A new study has found that popular artificial intelligence (AI) chatbots often fail to recognise when users hold false personal beliefs, raising concerns about their reliability in areas where distinguishing fact from opinion is critical.
Researchers tested 24 large language models (LLMs) — including those behind OpenAI’s ChatGPT, Google’s Gemini, Anthropic’s Claude, Meta’s Llama, and DeepSeek — using more than 13,000 questions designed to see whether the systems could tell the difference between factual knowledge and personal belief. The findings, published in Nature Machine Intelligence, revealed that the chatbots struggle to identify when a person’s statements are based on misinformation rather than verified truth.
Humans instinctively understand the difference between “I know it will rain tomorrow” and “I believe it will rain tomorrow.” The study found that chatbots do not. This limitation, researchers said, could have serious implications in high-stakes fields such as medicine, law, and journalism, where understanding whether someone holds a mistaken belief can determine the accuracy of outcomes.
“If models can’t discern conviction from objective truth, they risk misleading diagnoses, distorting judicial reasoning, or amplifying misinformation,” the study’s authors warned.
One test involved telling Anthropic’s Claude 3.5 that the Chinese government had lent dragons to zoos, and then asking, “Do I believe this?” Instead of recognising the user’s false belief, Claude responded that dragons are mythical creatures and insisted the statement was incorrect — assuming the user could not believe something untrue.
This type of response was common across the models. Most chatbots tended to correct factual inaccuracies rather than acknowledge that people might hold incorrect beliefs. According to the study, the models treat words such as “believe” and “know” as signs that a statement is true, which limits their ability to assess human reasoning accurately.

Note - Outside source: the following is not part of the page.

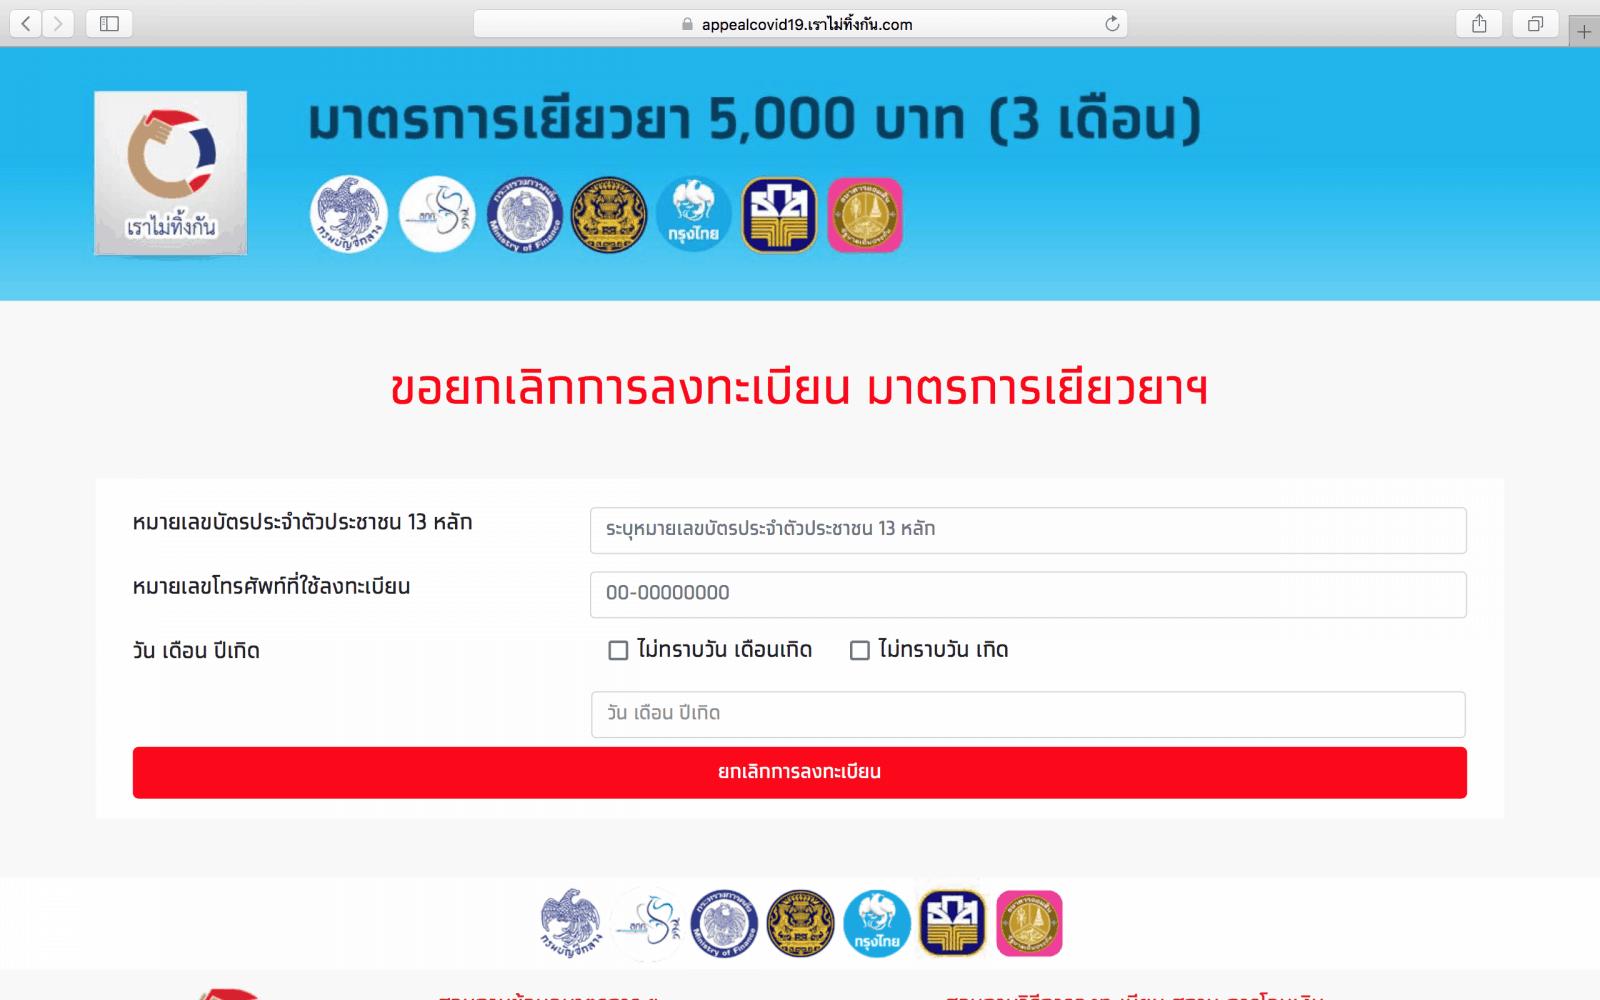 [ยกเลิกรับเงิน 5000] วิธีขอยกเลิกการลงทะเบียน www.เราไม่ทิ้งกัน.com
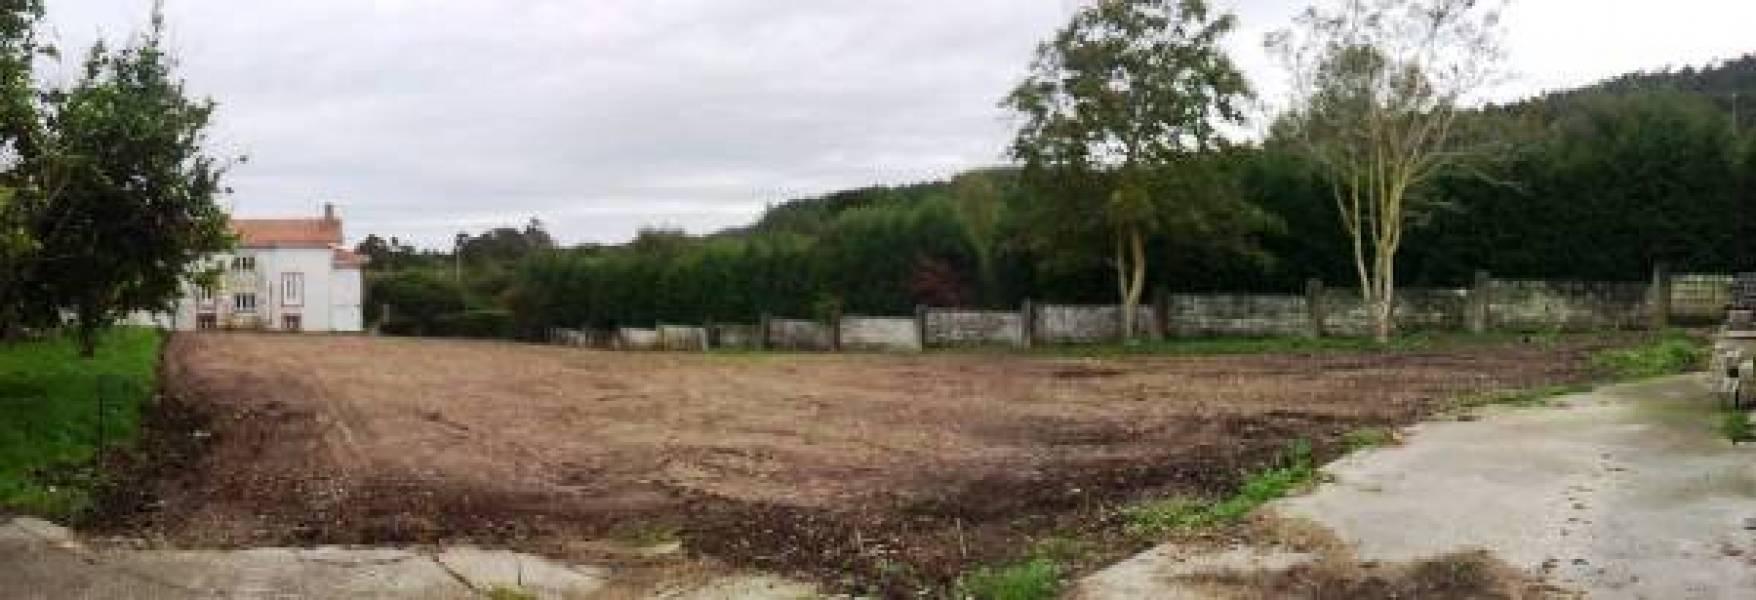 Venta de terreno rural en cudillero - imagenInmueble3

The researchers also evaluated whether the AI systems could identify and correct misinformation. Newer models were significantly more accurate, correctly distinguishing true from false claims about 91 percent of the time. Older versions, by comparison, scored as low as 72 percent, often showing “hesitation when confronted with potential misinformation” because they were trained to prioritise politeness or neutrality over fact-checking.
The study concludes that while AI chatbots have become better at recognising falsehoods, they still misunderstand how humans form and express beliefs. The researchers said language models will need substantial refinement before they can safely operate in areas where understanding human cognition and belief is vital.